Implications and Challenges
The rise of ventures like Mirendil carries profound implications. Success could lead to an unprecedented acceleration in the pace of discovery, potentially delivering new medicines, clean energy solutions, and advanced materials within years instead of decades. It could democratize high-level research, giving smaller labs and institutions access to AI "co-pilots" that rival the cognitive firepower of large, well-funded teams.
However, the path is fraught with technical and philosophical challenges. Achieving true "long-term reasoning" requires overcoming well-known AI limitations in planning, maintaining logical consistency over long chains of thought, and integrating reliable knowledge bases. There are also critical questions about bias in training data, the reproducibility of AI-driven discoveries, and how to properly credit AI contributions in scientific work.
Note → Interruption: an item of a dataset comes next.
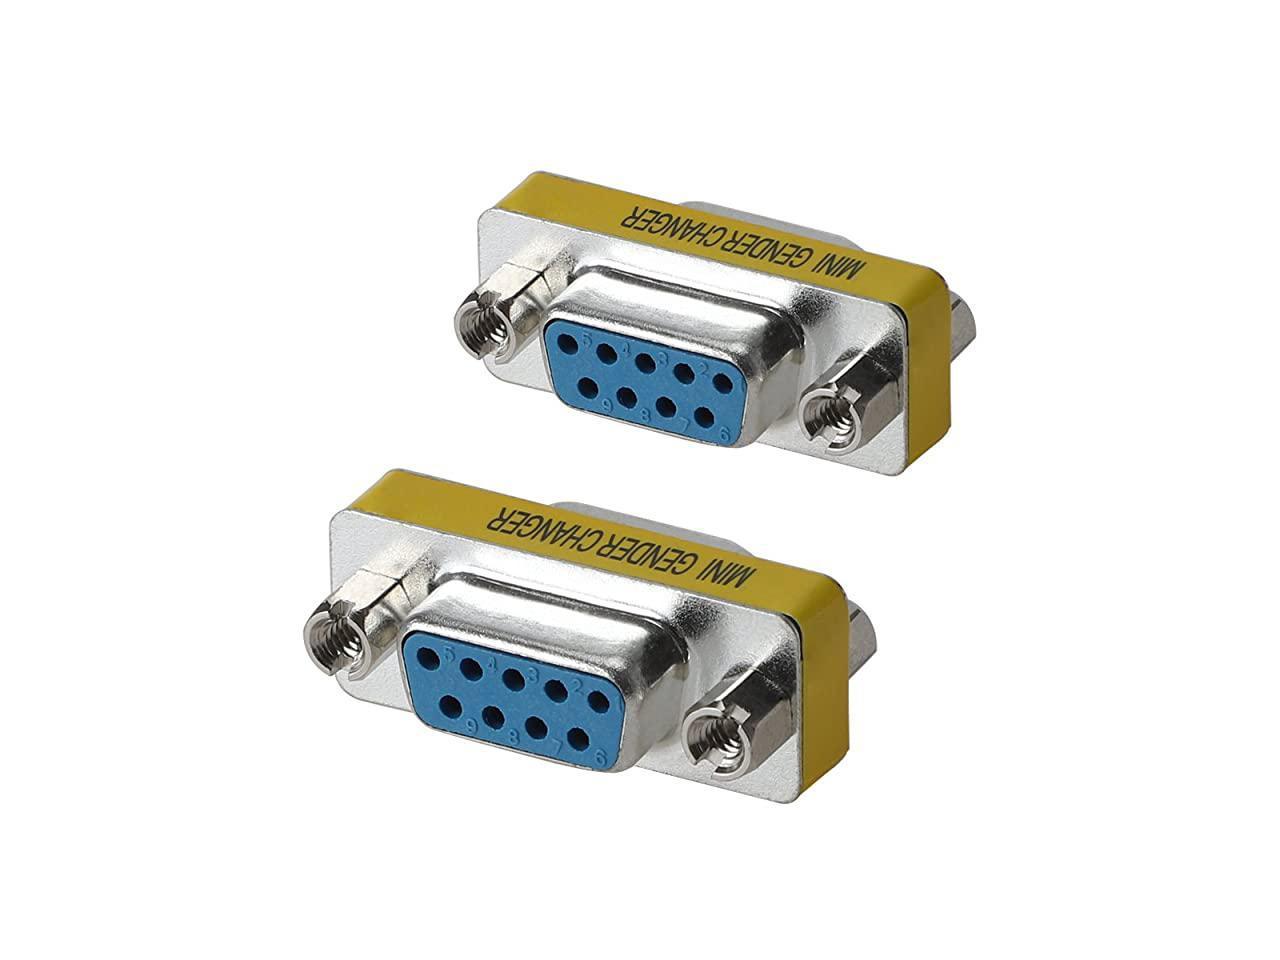 RS232 Serial DB25 Female to Female Mini Gender Changer Coupler Adapter Connector 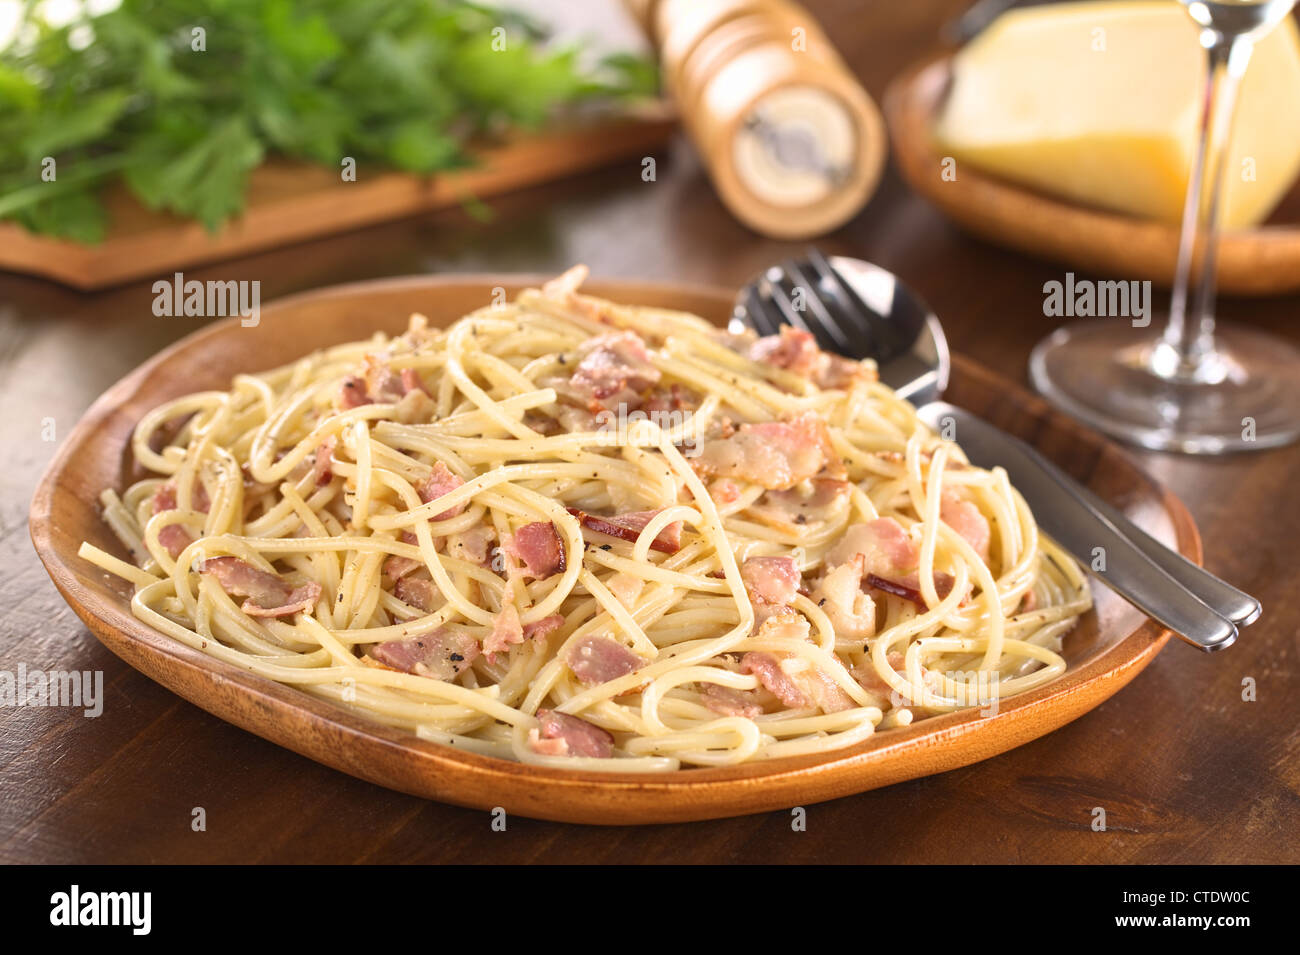 Spaghetti alla Carbonara served on wooden plate (Selective Focus, Focus one third into the meal) Stock Photo

Furthermore, the concentration of such powerful technology in private, venture-backed companies raises questions about access, equity, and the alignment of research goals with public good versus shareholder return.
The Road Ahead
As Mirendil emerges from stealth, the AI and scientific communities will be watching closely. Its progress will be a key benchmark for the "AI for science" movement. Can a startup, even one flush with capital and talent, crack the code of autonomous scientific discovery? Or will this require the sustained, large-scale efforts of tech giants and governments?
The company's roots in Anthropic, with its strong culture of AI safety, also suggest that Mirendil will likely prioritize building reliable and interpretable systems—a crucial consideration when the outputs could inform real-world medical or engineering applications.
In launching Mirendil, Neyshabur, Mehta, and their team are placing a bold bet that the next frontier for artificial intelligence is not just in conversing or creating, but in comprehending and advancing the fundamental laws of nature. Their journey will test whether AI can truly learn to think like a scientist, and in doing so, redefine what is possible in human knowledge itself.